The outlook for the more vulnerable states is terrible. Hungary faces a drop in gross domestic product this year of about 5 per cent, Ukraine up to 10 per cent and Latvia 12 per cent.

But it is wrong to condemn the whole region on the basis of the headline-making and market-breaking worst cases. Amid all the gloom and doom, there are glimmers of hope. First, some countries are faring far better than others, notably Poland and tiny Slovakia, where economists still expect growth of perhaps 1 per cent. Low as it is, the number is higher than for any west European country.

Next, eastern Europe’s economies are already proving to be more flexible than western Europe’s in responding to the crisis. While companies are axing jobs almost everywhere, they are going much further in eastern Europe in cutting pay for the remaining staff. Even though wages are much lower than in the west, private employers are making reductions of up to 30 per cent. Governments too are biting the bullet – notably in Latvia, where ministers have taken a 15 per cent hair-cut and are preparing something similar for civil servants. Nobody wants to be treated like this but years of economic turmoil mean east Europeans are better prepared for such shocks than west Europeans.

Also, with less developed economies, east Europeans often enjoy closer family ties than western Europeans, including links with relatives still living on the farm. If the crisis hits poor people hard, in Romania, for example, they can turn to these traditional sources of support – an option that barely exists in western Europe.
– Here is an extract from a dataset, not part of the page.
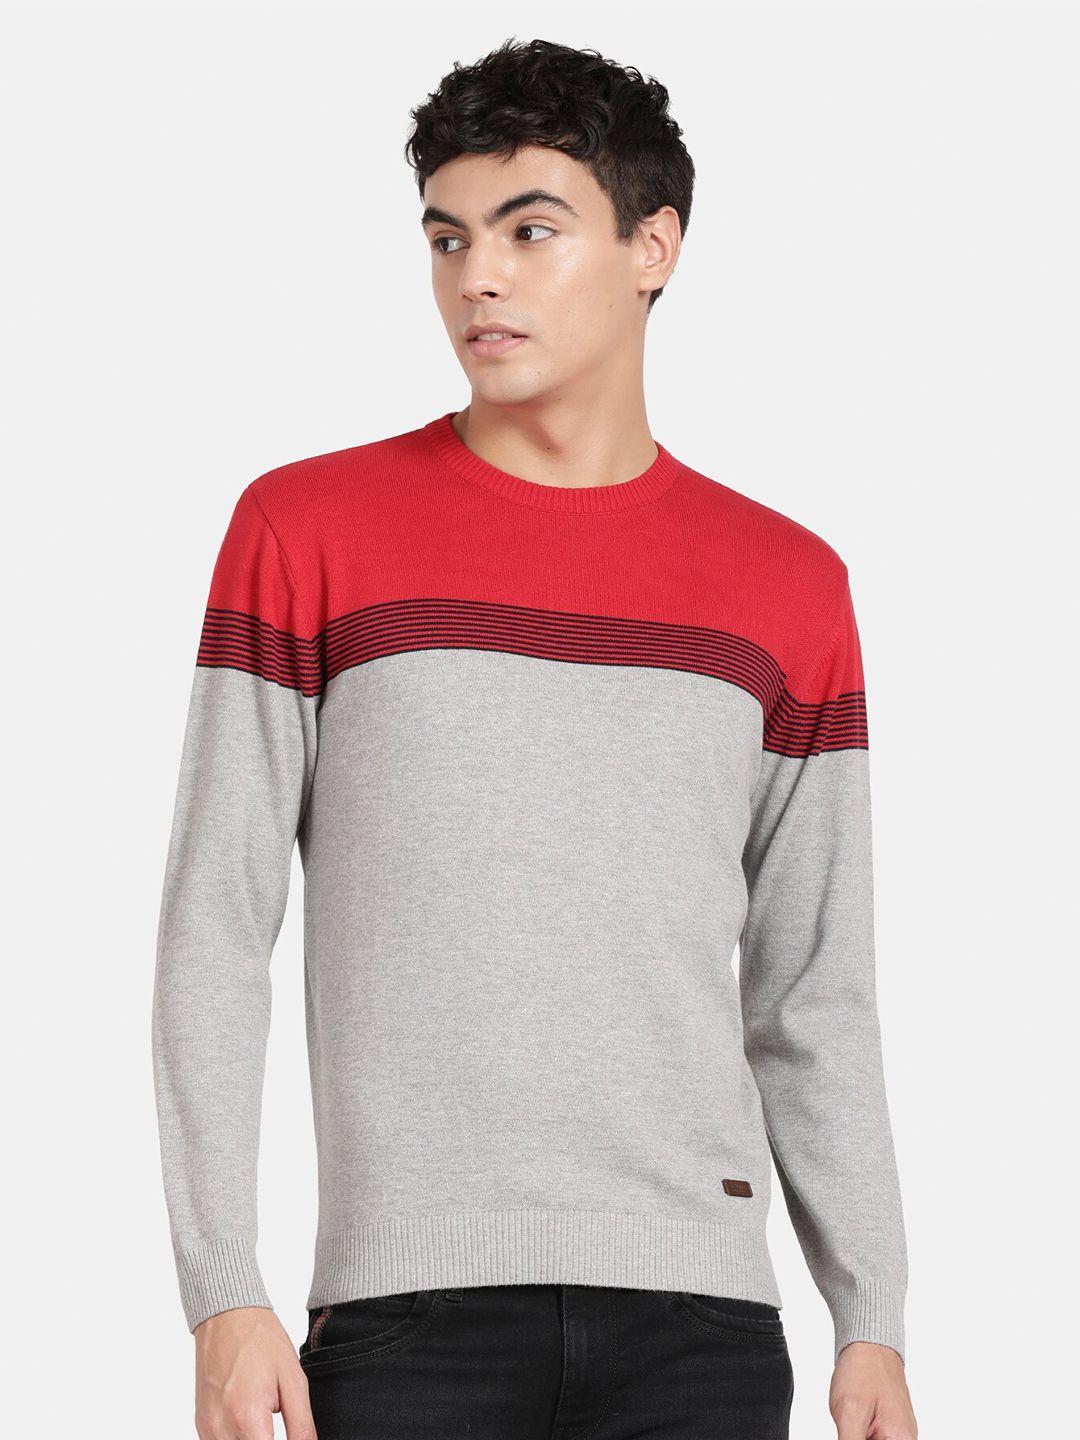 t-base-colourblocked-cotton-pullover-sweatshirt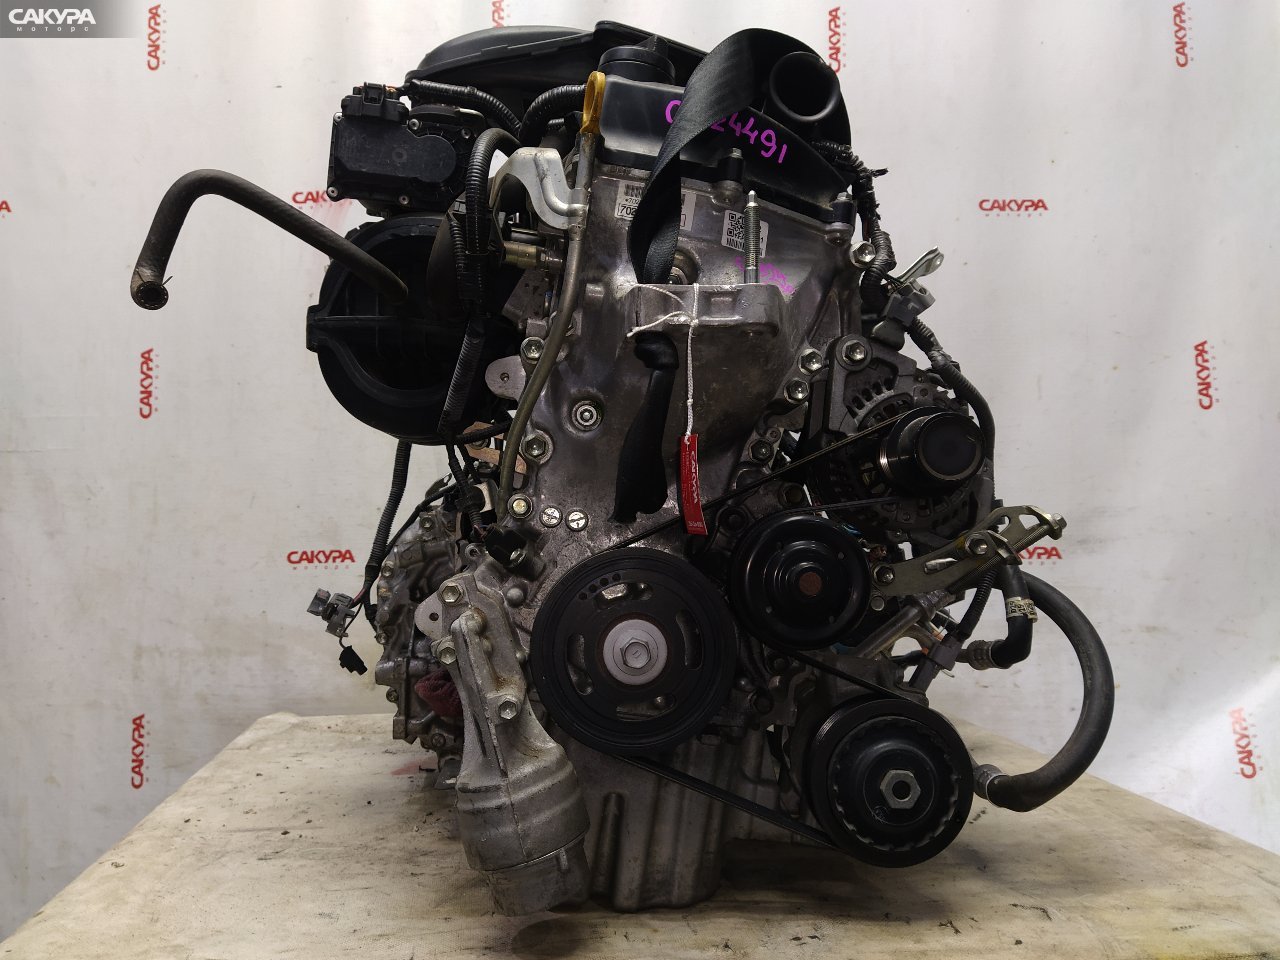 Двигатель Toyota Vitz KSP130 1KR-FE: купить в Сакура Красноярск.

Finally, the vexed issue of eastern Europe debt should be kept in perspective. The gross external bank debt of eastern Europe – including Russia, Turkey and Ukraine – of $1,700bn (€1,295bn, £1,215bn) as reported to the Bank for International Settlements, is huge. But, as Erste Bank says in a recent report, this must be seen in context: in western Europe, the UK alone has gross external bank debts of $4,500bn.

What matters in assessing potential vulnerability are net positions, where debts are offset against claims against other countries. Erste calculates that on a net basis, the largest borrower, relative to economic size, is Malta, with net bank debts of more than 300 per cent of GDP, followed by Ireland with more than 200 per cent. For Hungary, a country often seen as debt-laden, it is 55 per cent.

Similarly, household and corporate debts are well below west European levels. Total domestic bank assets are 100 per cent of GDP in central Europe compared with 250 per cent in the eurozone. As for public debt, only Hungary comes close to the eurozone average of 70 per cent of GDP. Other east European states are below 50 per cent. Italy, by comparison, is over 100 per cent.

Plugging these gaps requires increased support from the international banks that dominate the region and from multilateral institutions, notably the European Union, the International Monetary Fund, the World Bank and the European Bank for Reconstruction and Development.

But the job is not impossible. The combined GDP of the EU’s new member states, the prospective members in the western Balkans and Ukraine is about 10 per cent of the old EU’s GDP. Given a bit of breathing space, the region’s key competitive advantage – low-cost high-skill labour – will reassert itself. In the short-term, eastern Europe cannot do without western Europe’s financial support. But in the long-term, west Europe will need eastern Europe just as much.